*** Recorded data ***
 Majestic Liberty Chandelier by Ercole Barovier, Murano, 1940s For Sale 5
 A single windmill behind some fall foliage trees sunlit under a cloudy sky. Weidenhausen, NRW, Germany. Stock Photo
*** End of Recorded data ***
*** Recorded data ***
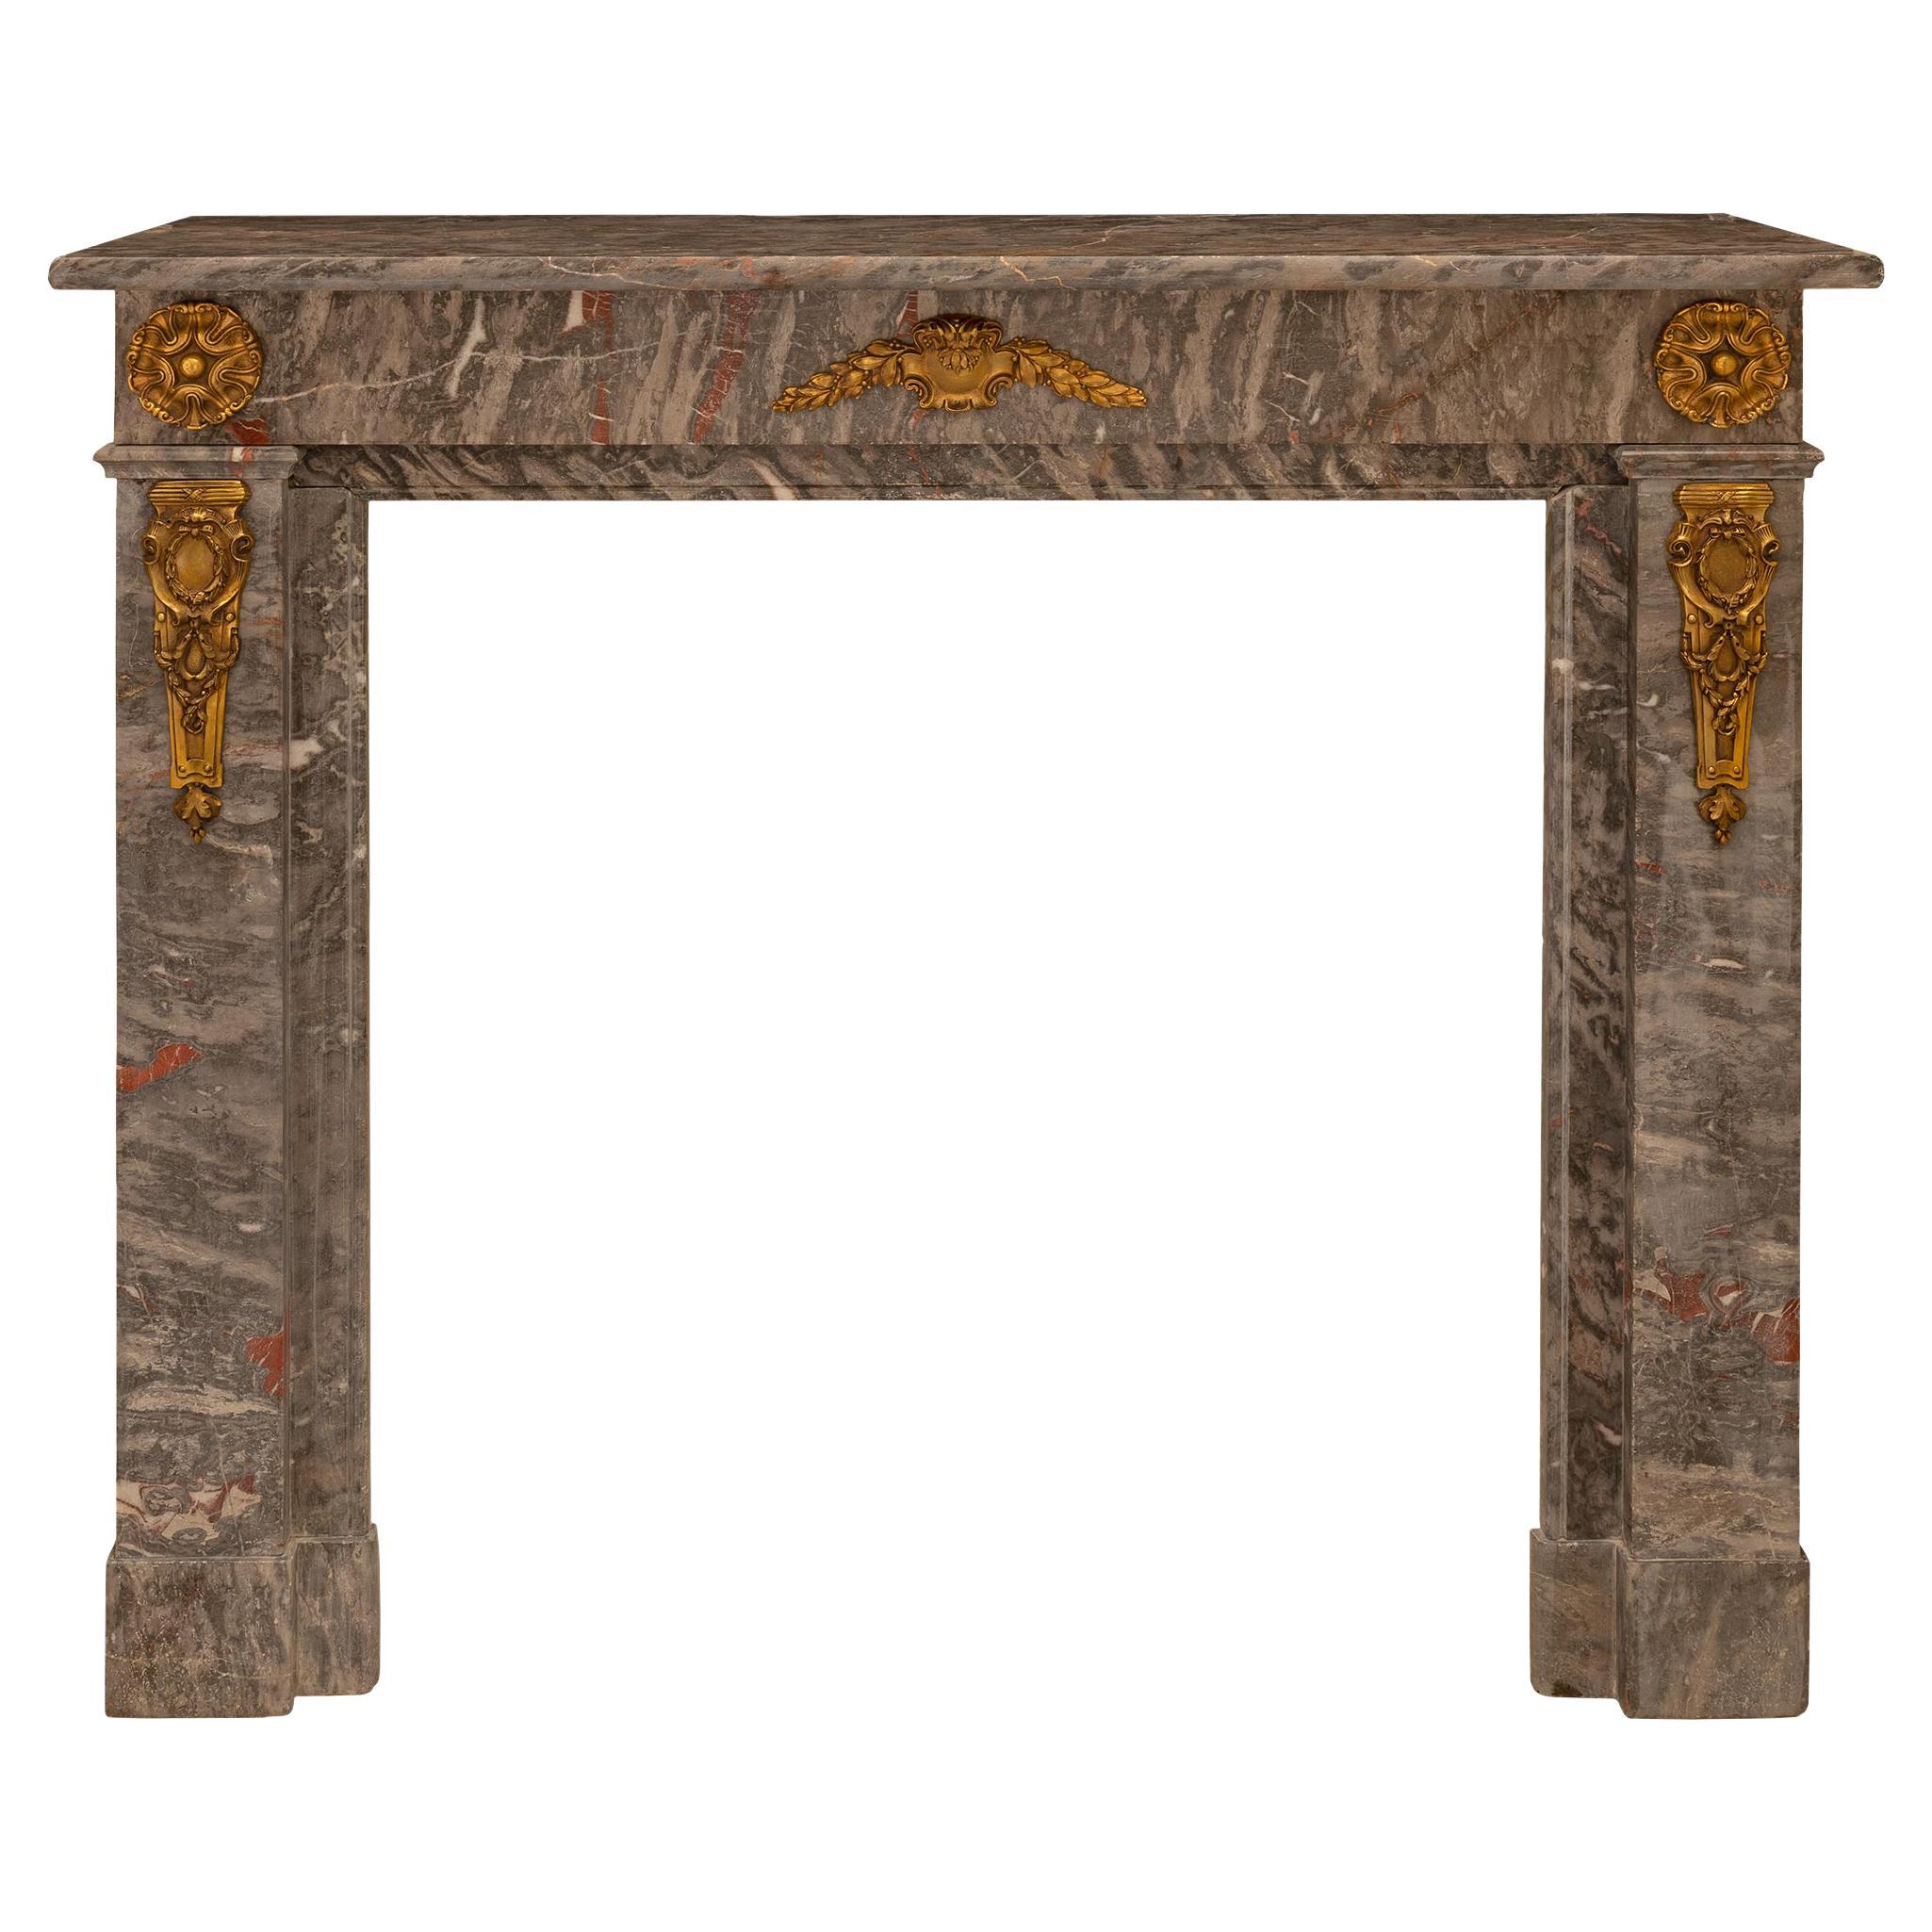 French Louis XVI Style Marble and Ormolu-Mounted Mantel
*** End of Recorded data ***
The task: Using the material above, transcribe exactly the lines from the line with "Majestic Liberty Chandelier" to the line with "A single windmill"; both count, and nothing else goes in.

Expected answer:
 Majestic Liberty Chandelier by Ercole Barovier, Murano, 1940s For Sale 5
 A single windmill behind some fall foliage trees sunlit under a cloudy sky. Weidenhausen, NRW, Germany. Stock Photo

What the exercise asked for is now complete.